+ Font | - Font






Health

There is a growing body of evidence that the visual and physical contact with natural greenery provides a range of benefits to people. These include both mental benefits (such as reduction of stress) and physical benefits (including the provision of cleaner air). Access to green space can bring about direct reductions in a person’s heart rate and blood-pressure, and can aid general well-being. A Texan study of post-surgery recovery in hospitals demonstrated that recovery was quicker and with less chance of relapse if patients could look out onto green space. A number of American hospitals have subsequently been redesigned to bring these benefits to patients, and have been rewarded with greater patient ‘through-put’. A roof on the Kanton Hospital in Basel was redesigned 20 years ago by vegetating it, because it was felt that patients in intensive care would benefit from looking out onto this rather than the grey-space of before. A few community hospitals in the UK are now being designed with a greater consideration of green-space provision, and the good-practice work on hospital design being developed by Commission for Architecture and the Built Environment [CABE] is likely to further this.

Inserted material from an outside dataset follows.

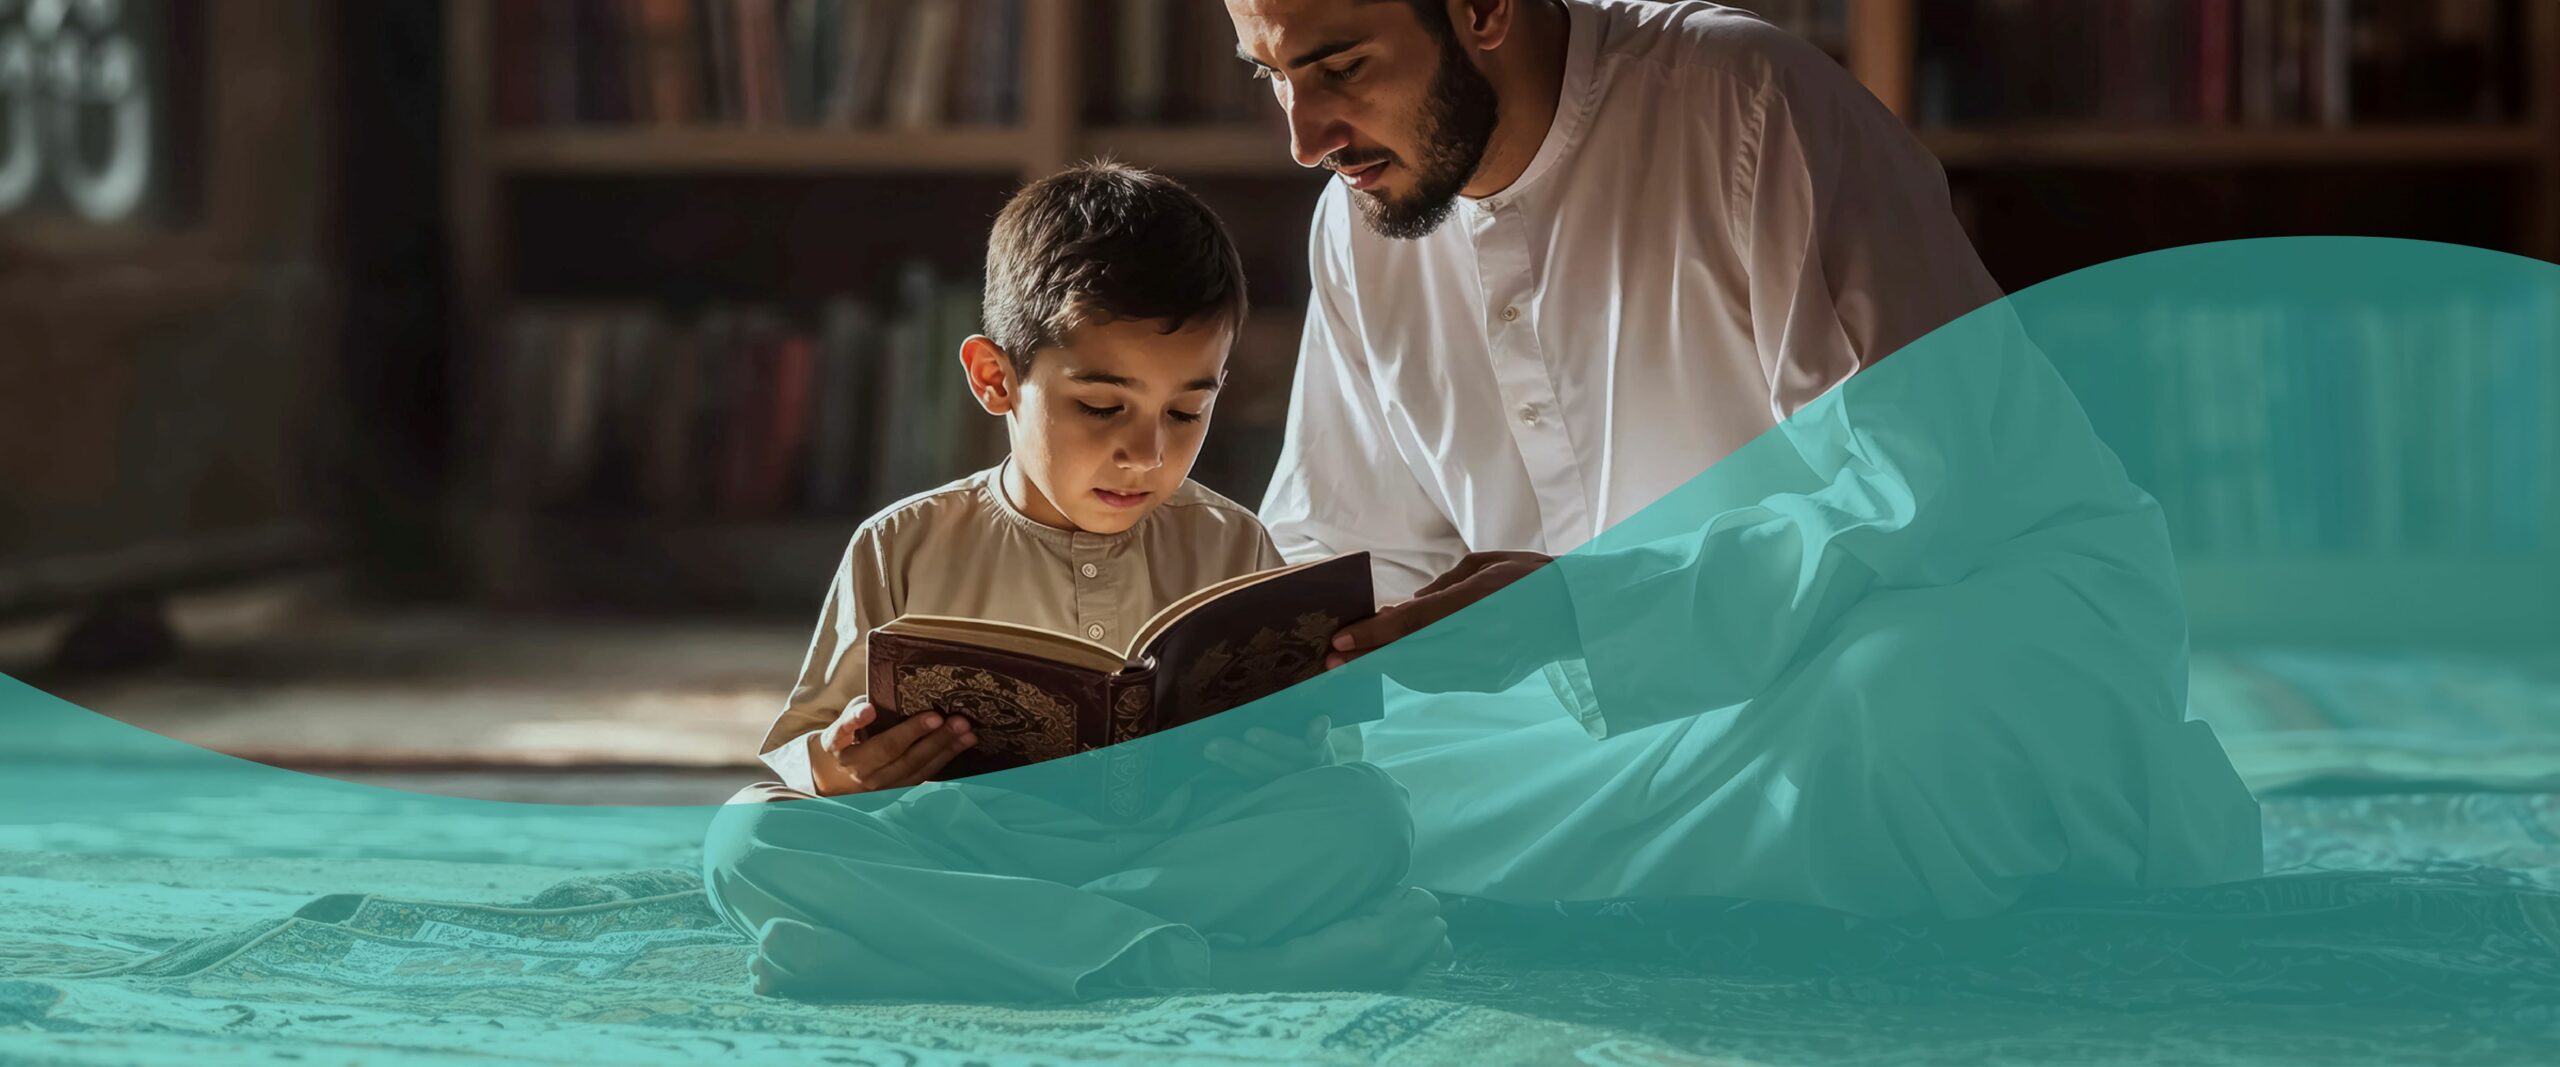 Ramadan for Kids - Educating Our Children on the Quran

Green roofs equal healthy buldings and cities
Work environments within buildings could be improved

The thermal benefits that green roofs provide may also have indirect benefits for people living or working within the buildings. This has not been researched, but anecdotal evidence from Germany in the late 1990s is of interest. In a survey of staff absence from sickness at the Bundepost offices in Stuttgart, it was shown that staff in one building demonstrated significantly lower absences than those in others. The only change in the 4-year period that could be identified was that one of the buildings was given a green roof; this building supported lower staff sickness levels. It is possible that the green roof reduced the fluctuation of daily mean temperatures within the upper levels of the building, and/or the vegetation helped cool and moisturise in-going air near ventilation ducts.

In the past 2-3 years, possibly picking up on the increasing interest in green roofs and Government’s interest in green space, developers are increasingly showing green roof space as a component of their new commercial development proposals. The provision of specific accessible green roof space for future workers appears to be gaining currency, and could help off-set the likely constraints of green space provision on the ground.